The Rise and Fall of Single Incision Surgery at Community Hospital Teaching Program

W. Borden Hooks III, MD, Khoi Le, MD, Thomas V Clancy, MD, William W Hope, MD. New Hanover Regional Medical Center.

 Single incision laparoscopic surgery (SILS) has recently become one of the promising new techniques for use in laparoscopic surgery. Initial reports touted the safety and potential improvement in cosmesis and pain. The success of any new technology depends on quality outcomes as well as the implementation by the surgical community at large. The purpose of this project was to evaluate our surgeons experience and implementation of single incision laparoscopic surgery.
Following IRB approval, a retrospective review of all single incision surgeons performed at our hospital from 5/2009 to 6/2012 was performed.

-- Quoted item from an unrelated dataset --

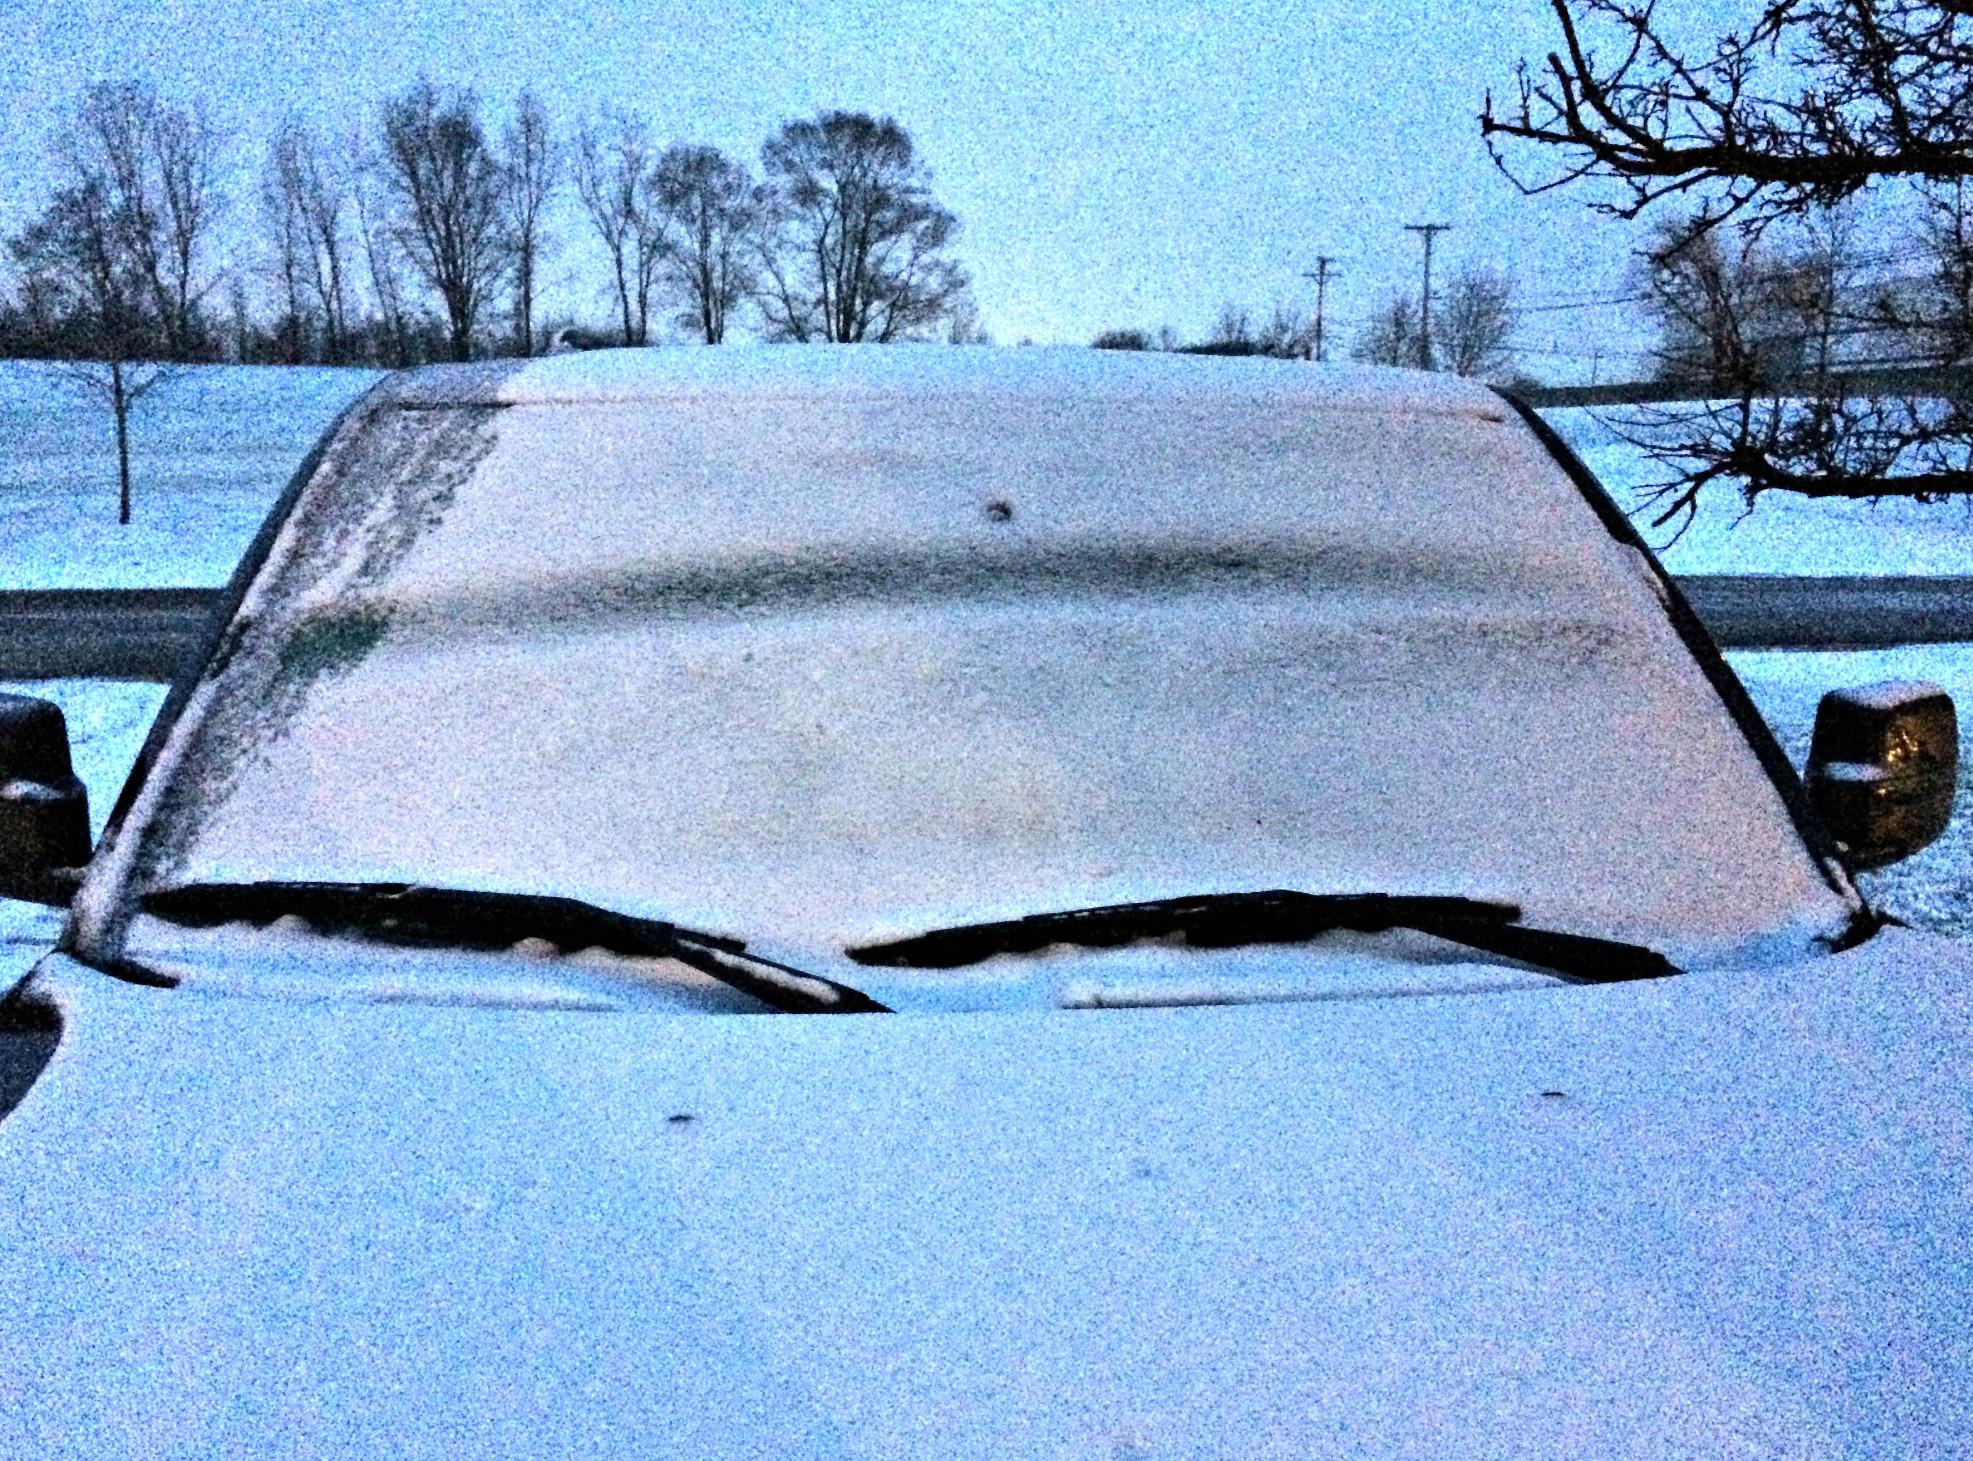 snow on the car

Demographic information, indication for surgery, type of procedure, conversion rates, morbidity, and mortality were documented and descriptive statistics were performed.
During the study period, 12 surgeons (8 general surgeons and 4 gynecologist) performed 164 cases and 175 procedures. Cases included cholecystectomy (50%), appendectomy (29%), gynecologic surgery (13%), and other (8%). Six of the 11 surgeons performed only 1 single incision case. Conversion rate was 6.9%. One surgeon performed 64% percent of all cases and is still currently performing SILS. Morbidity rate was 3.7% with no perioperative mortality.
Several surgeons at our institution evaluated the SILS procedures with only 1 surgeon continuing to perform the procedure regularly. The low adoption rate in our community is likely multifactorial and requires further study.